Raw data
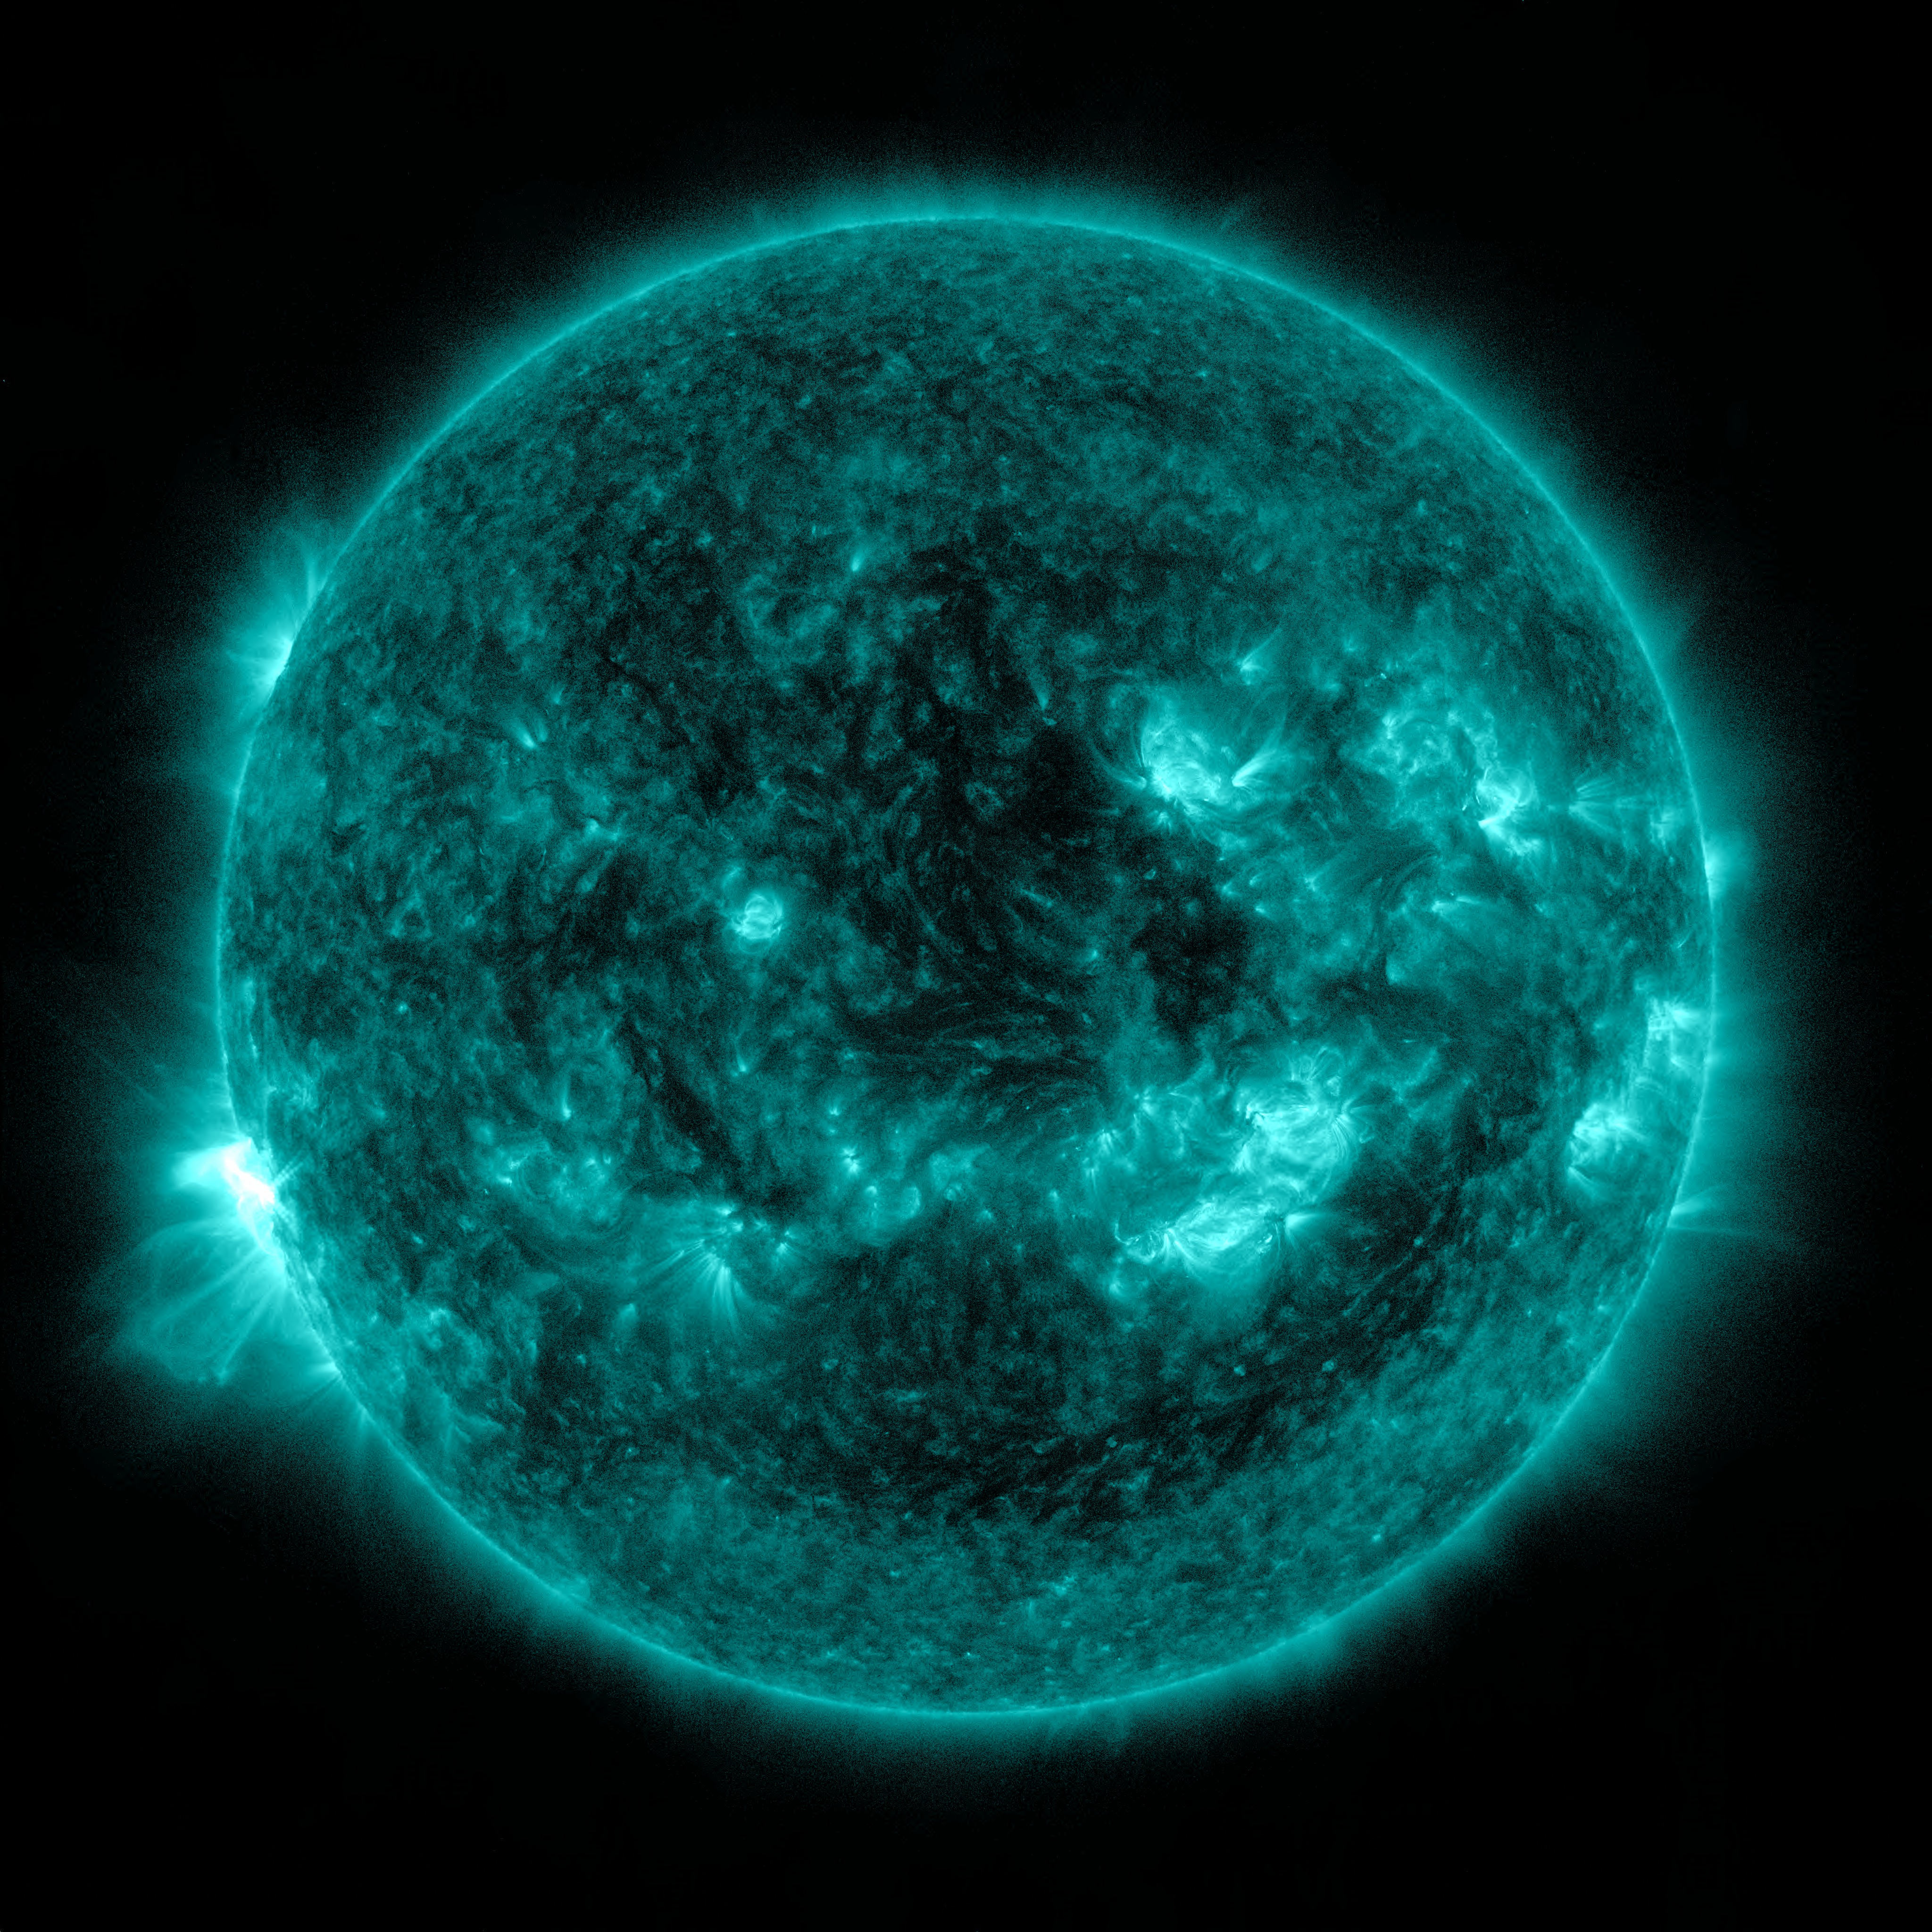 4k video and frames of the first two flares in 131 angstrom light.Credit: NASA/Goddard/SDO
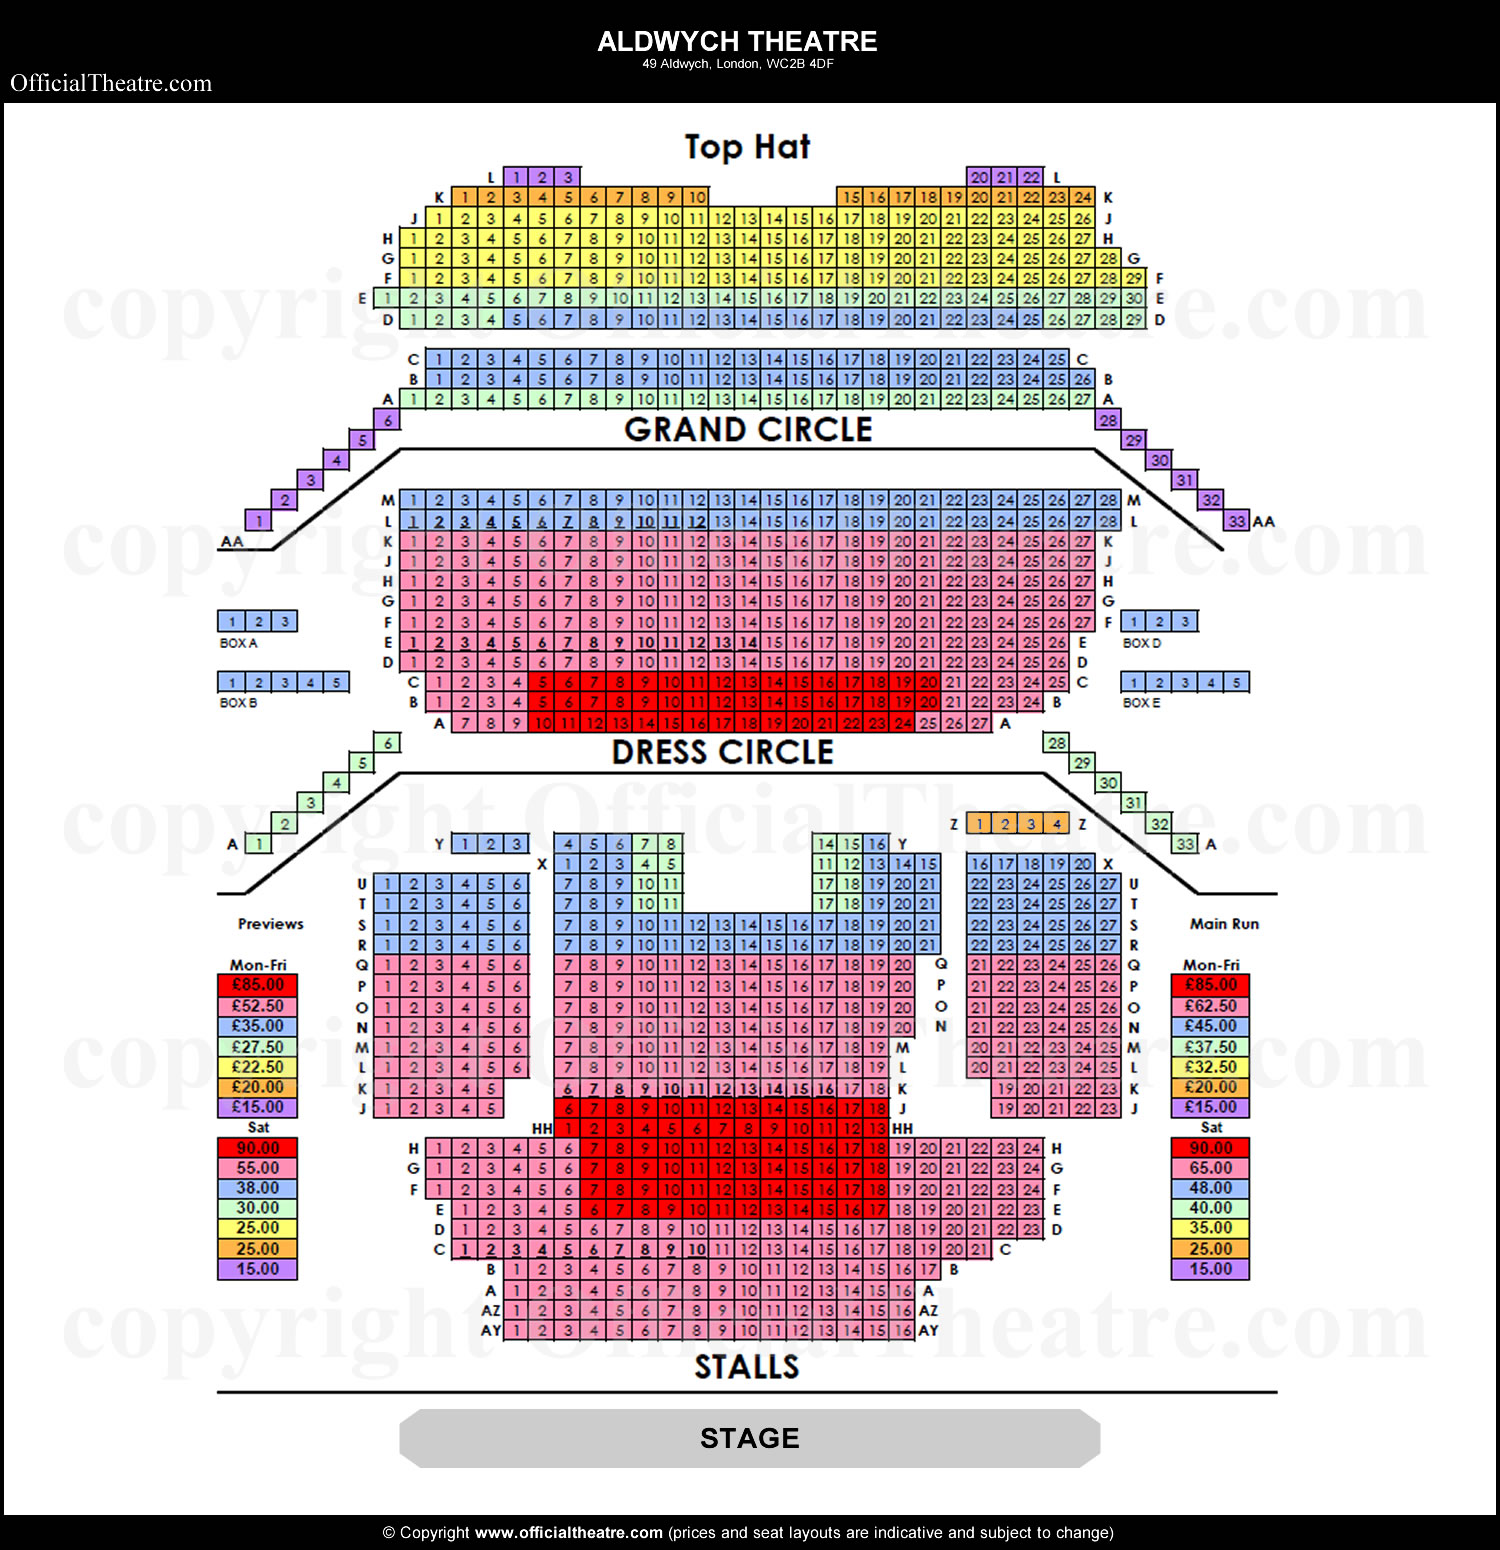 Aldwych Theatre Seat Prices 
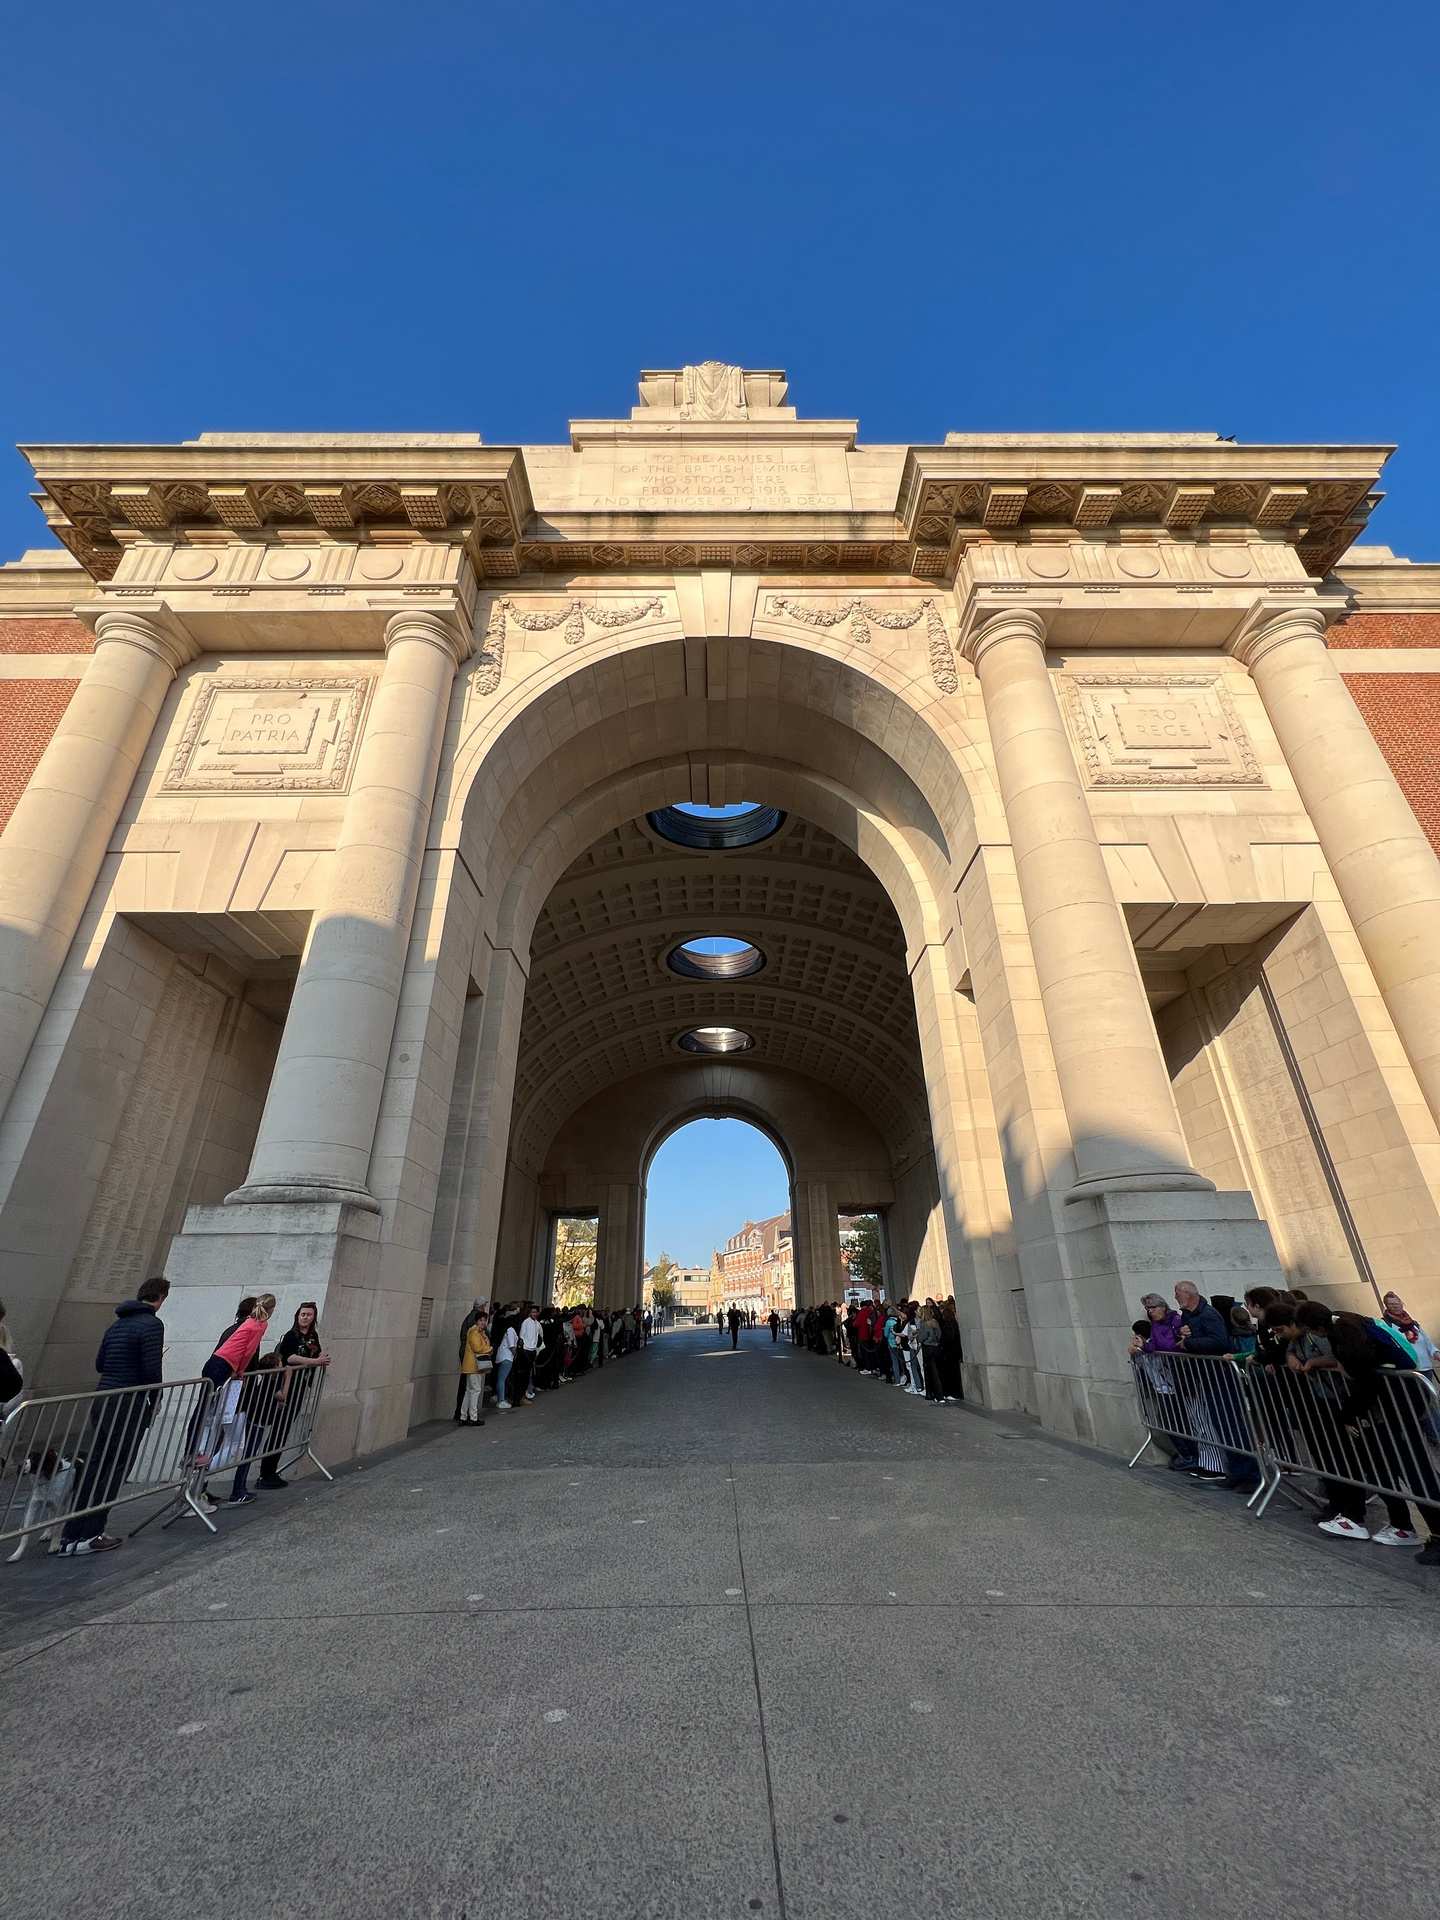 People attending ceremony in Menin Gate, Belgium. The escape of Dunkirk

Work order
When you repeat the data, keep every line exact and drop the images.

Response area
 4k video and frames of the first two flares in 131 angstrom light.Credit: NASA/Goddard/SDO
 Aldwych Theatre Seat Prices 
 People attending ceremony in Menin Gate, Belgium. The escape of Dunkirk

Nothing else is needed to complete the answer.